The spread of the Zika virus from Aedes mosquitoes in Florida has become a
major headache for Disney World executives as the outbreak is about to hit
Orlando, Florida by this fall and will likely decimate tourism to theme parks
With the latest news of a non-travel transmission of the virus in Pinellas County, not more than 100 miles from Orlando, Disney World is now offering guests free bug repellant in anticipation of the Zika outbreak reaching Orlando, which at this point is inevitable.

Disney World has already suffered a significant drop in visitors this year for a number of reasons, but it seems the Zika scare is by far the biggest threat to tourism to Florida.

Without a way to stop the outbreak of the virus from reaching the local mosquito populations, it may be years before any solution can stop the virus from becoming a major endemic pandemic in the entire southern Gulf state region.

So thus, even now bargain hunters are starting to shy away from buying Disney stock as an impending deep selloff may soon be under way. No one knows how low the floor will be for Disney stocks when the sell-off begins, however.


The recent slide in Disney stocks after the third-quarter earning call at the end of the closing bell on August 9th is just too ominous to ignore.
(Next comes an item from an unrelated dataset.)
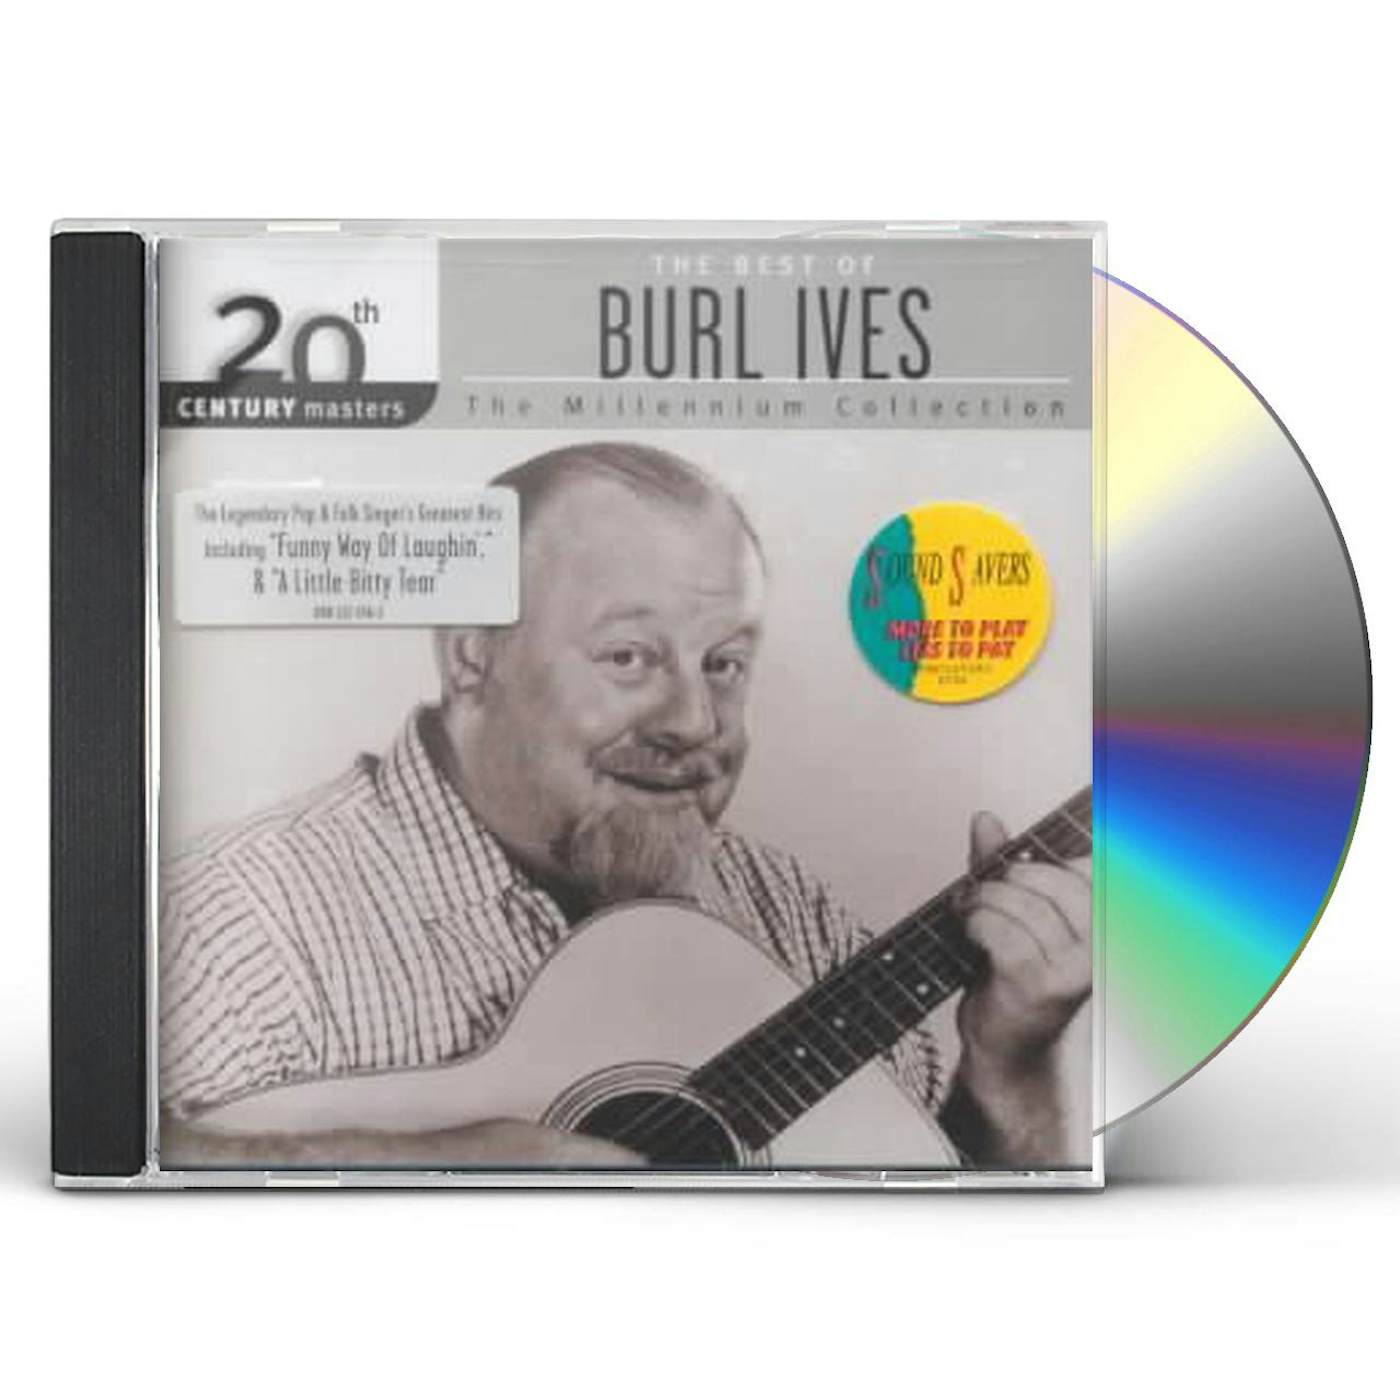 Burl Ives 20TH CENTURY MASTERS: MILLENNIUM COLLECTION CD

Buying now is just not prudent for any investor if the potential for the stock to drop much lower tomorrow is a very real possibility.



And Disney's very low 1.48% dividend yield, the third stingiest among all 30 Dow Jones stocks, is just another reason long-term investors are taking a pass on buying Disney stocks.


The stock has been steadily sliding ever since the mixed revenue report from Disney management in the third quarter, and many bargain hunters have been burned because there is no indication that Disney stocks will bounce back anytime soon for any sustained stretch of time.